I'm sure there are plenty of people out there that would love to be apart of a team to see what we can dig into and each take on smaller tasks, work on them, and then get back together to see what we found out. See what kind of progress we can make, but the problem is no one wants to head something like that up. Also, I guess it's hard to find the right people/resources as well.

 

[Chaos Kid]

I'm sure there are plenty of people out there that would love to be apart of a team to see what we can dig into and each take on smaller tasks, work on them, and then get back together to see what we found out. See what kind of progress we can make, but the problem is no one wants to head something like that up. Also, I guess it's hard to find the right people/resources as well.

Its not the problem with finding ppl with those kinda resources they have always bin infront of us the whole time it's actualy finding the ones who are against backups dongles or odes which is the same if you understand the code.

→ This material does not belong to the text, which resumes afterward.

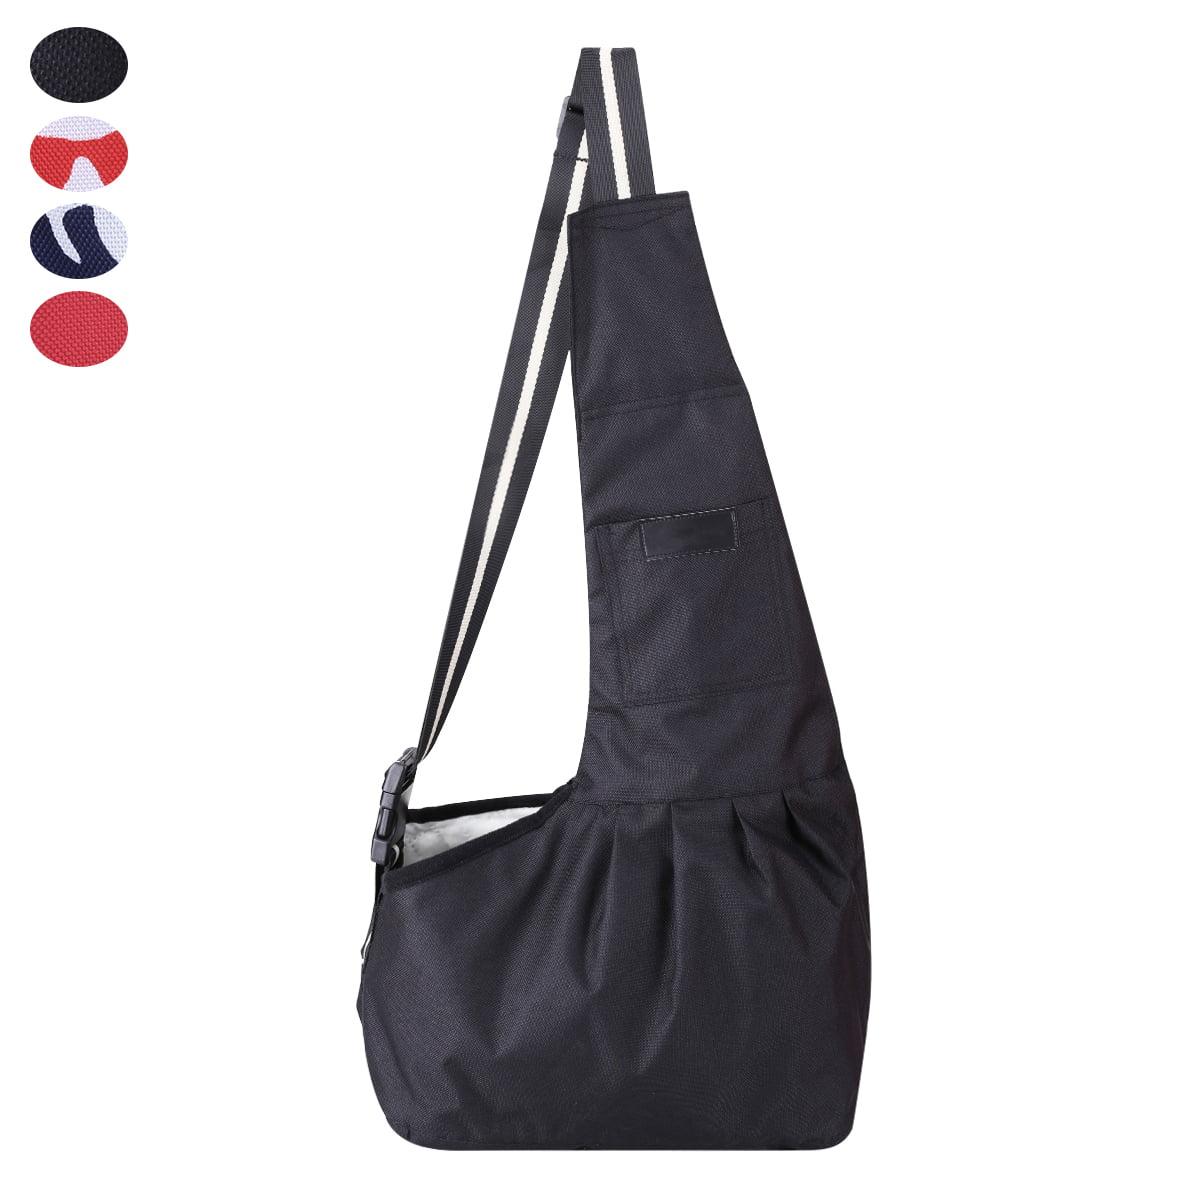 Docamor Pet & Dog Sling Carrier Adjustable Puppy Sling Bag Small Dogs Cats Outdoor Shoulder Carrier Bag Travel Pouch for Pets

Did you know that you can run there own software on a cfw unit if you know what your doing?

Did you know you can make a backups dongle run without its own dongle vilerification?

We need actual Dev's who are not in this for profit but cuz they enjoy it. Hacking is easy understanding how it works takes practise and patience that only you can tame but working as teams takes dedication of all individuals and without any of these this scene will come up empty handed.

I figured out 3k ages ago I didn't reveal it cuz profiteers only see dollar signs I on the other hand understand teams working together as a community to make things for ppl who enjoy it.